Baca berita tanpa iklan. Gabung Kompas.com+

Jika Gagal Patuhi Aturan Deforestasi UE, Indonesia Bisa Rugi Rp 50 Triliun

Kompas.com, 24 Oktober 2024, 10:59 WIB
Faqihah Muharroroh Itsnaini,
Bambang P. Jatmiko

Tim Redaksi

JAKARTA, KOMPAS.com- Kementerian Pertanian (Kementan) menilai Indonesia bisa rugi hingga Rp 50 triliun per tahun, jika tidak berhasil mematuhi kebijakan European Union Deforestation Regulation (EUDR) atau Aturan Deforestasi Uni Eropa. 

Ketua Tim Kerja Pemasaran Internasional, Ditjen Perkebunan, Kementan, Muhammad Fauzan Ridha menyampaikan bahwa Uni Eropa adalah pasar penting bagi ekspor sawit Indonesia, yang menyumbang sekitar 10 persen dari total ekspor sawit nasional.

"Ekspor sawit Indonesia sebesar 10 persen ke Eropa akan terdampak, manakala pemenuhan kriteria (EUDR) ini belum terpenuhi.
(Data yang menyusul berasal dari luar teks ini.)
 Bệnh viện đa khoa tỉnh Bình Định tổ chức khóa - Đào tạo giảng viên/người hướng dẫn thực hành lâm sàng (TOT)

Diperkirakan Indonesia akan kehilangan Rp 20-50 triliun per tahun apabila kita tidak bisa masuk pasar Eropa," ujar Fauzan dalam diskusi daring, Rabu (23/10/2024). 

Baca juga:

Ia menilai, jika Indonesia belum bisa memenuhi kriteria kebijakan EUDR yang ditentukan dalam waktu mendatang, ada kemungkinan Eropa akan mengalihkan impor minyak sawit ke Malaysia. 

"Yang saat ini, tentu saja walaupun (Malaysia) secara produksi masih jauh di bawah kita, baru setengahnya. Tetapi Malaysia bisa dibilang sudah dapat dibilang patuh terhadap EUDR," imbuh dia. 
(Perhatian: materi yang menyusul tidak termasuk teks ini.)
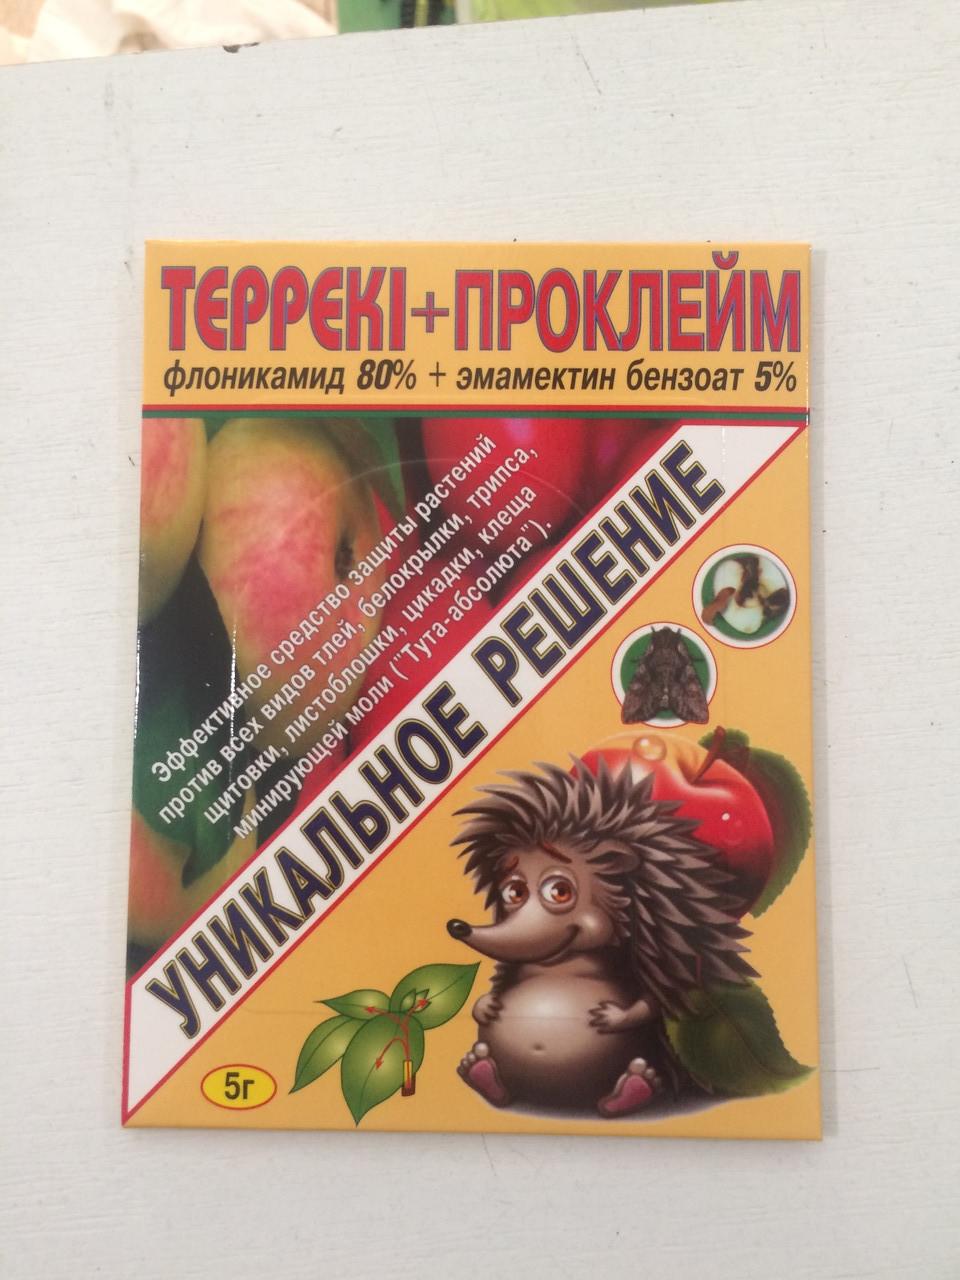 Інсектицид Теппеки+Проклейм 5г

Sebagai informasi, aturan EUDR mewajibkan perusahaan-perusahaan yang mengekspor produk ke Uni Eropa untuk menjamin produk mereka bebas dari deforestasi dalam rantai pasokannya.

Adapun implementasi EUDR yang awalnya direncanakan pada awal 2025, kemungkinan akan diundur hingga 2026.

Oleh karena itu, penerapan yang mundur dinilai dapat memberikan waktu tambahan bagi pemerintah dan para pelaku usaha untuk mempersiapkan diri. Namun, penundaan ini tetap menghadirkan tantangan bagi keberlanjutan industri kelapa sawit di Indonesia.

Masih hadapi tantangan

Untuk memasuki pasar Eropa, perusahaan harus dapat memastikan produk yang diekspor bebas dari deforestasi atau degradasi hutan, dengan cara memetakan dan melacak rantai pasok hingga hulu. 

Hal ini menjadi tantangan utama yang dihadapi adalah para petani kecil, yang merupakan tulang punggung industri kelapa sawit.

Petani kecil sering kali kesulitan dalam memenuhi persyaratan yang ditetapkan oleh EUDR, seperti sistem ketelusuran (traceability) dan pencatatan data yang akurat. 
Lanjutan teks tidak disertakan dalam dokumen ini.